• _TASK TO COMPLETE_: In the data below, find the line with "(上海环盟咨询)2011-2015年中国数字音视频行业规模统计分析" and the line with "Técnico/a Especialista em", then restate both and every line between them exactly, minus the pictures.

• _SOURCE INFORMATION_:
⟨
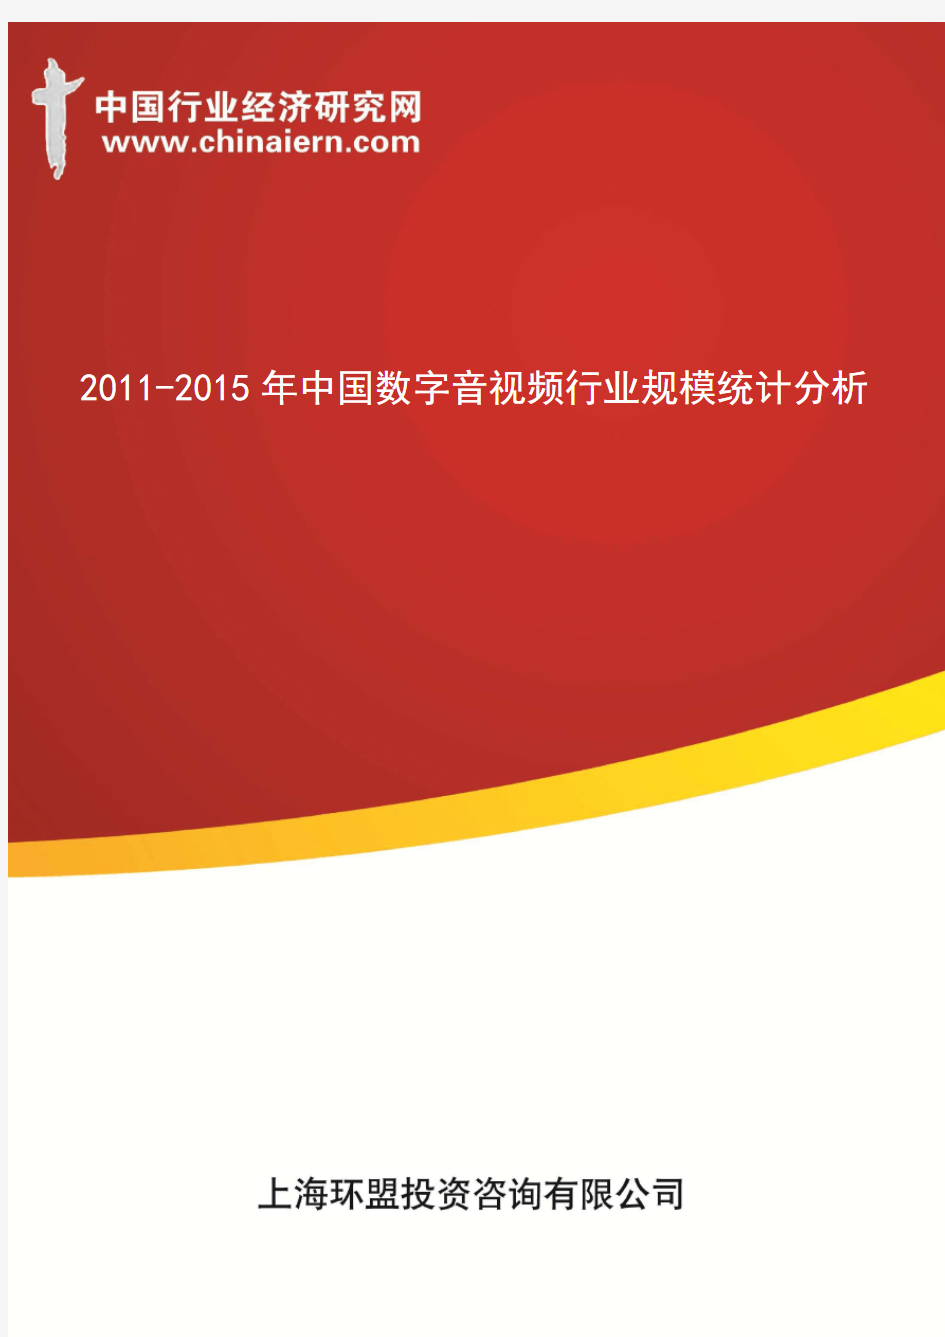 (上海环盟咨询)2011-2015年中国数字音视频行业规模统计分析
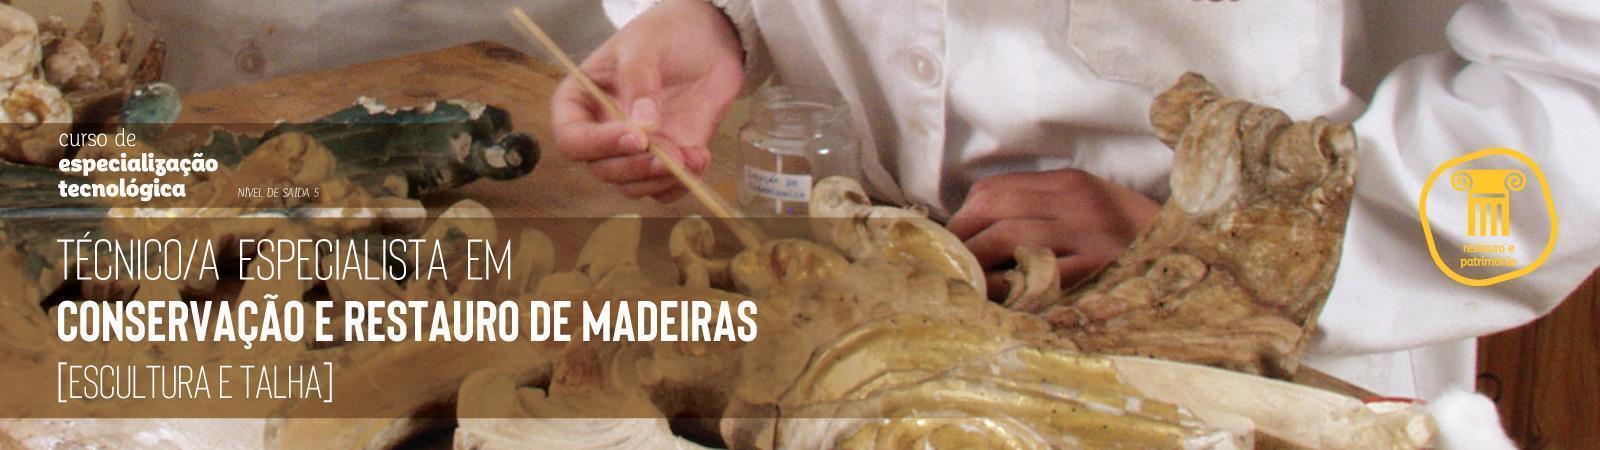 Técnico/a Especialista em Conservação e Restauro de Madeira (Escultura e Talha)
⟩
⟨
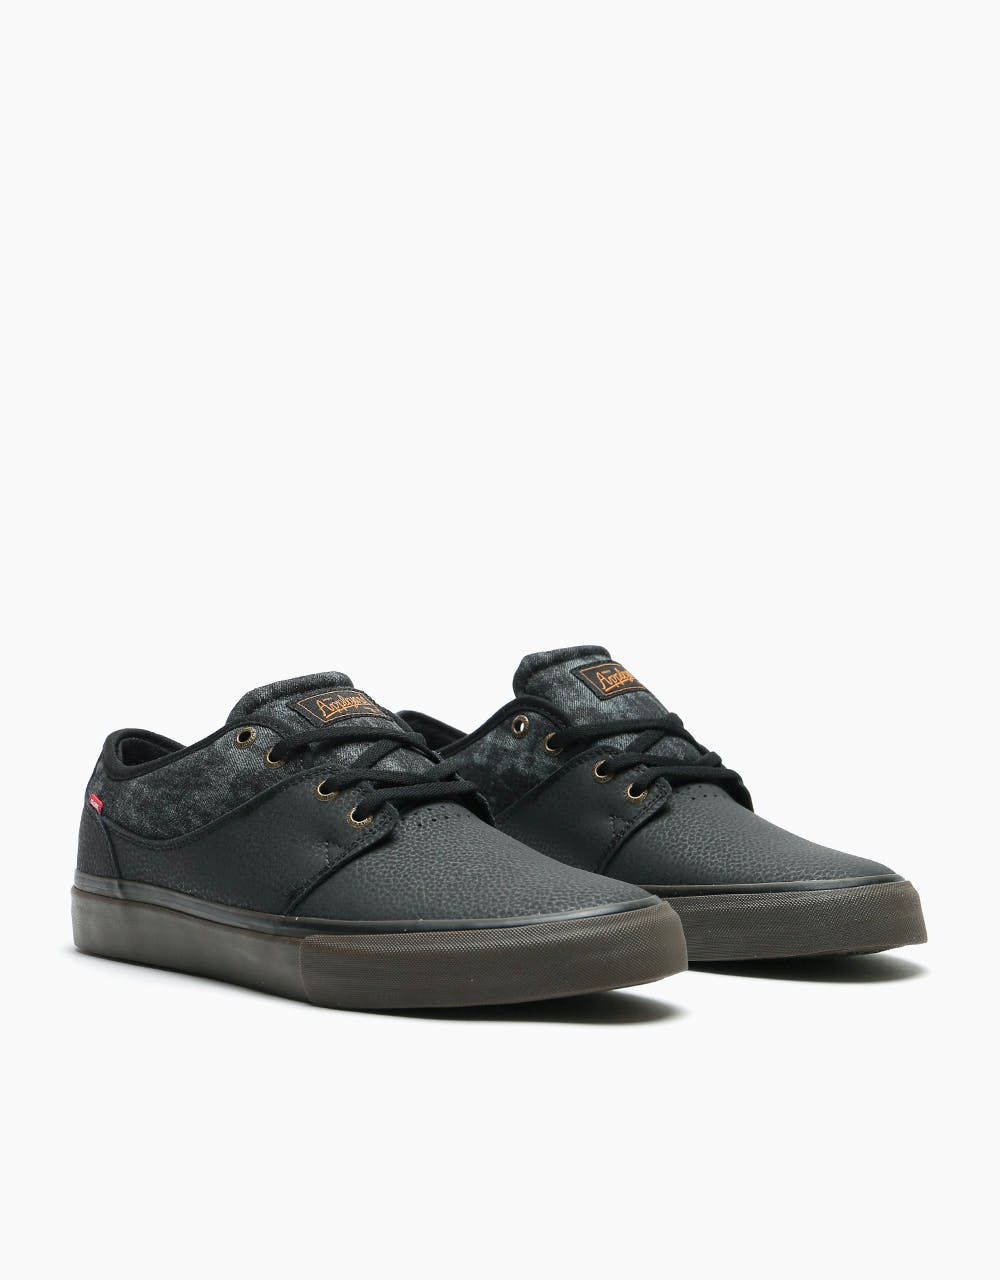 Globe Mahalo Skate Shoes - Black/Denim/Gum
⟩
• _SOLUTION TO THIS PROBLEM_:
 (上海环盟咨询)2011-2015年中国数字音视频行业规模统计分析
 Técnico/a Especialista em Conservação e Restauro de Madeira (Escultura e Talha)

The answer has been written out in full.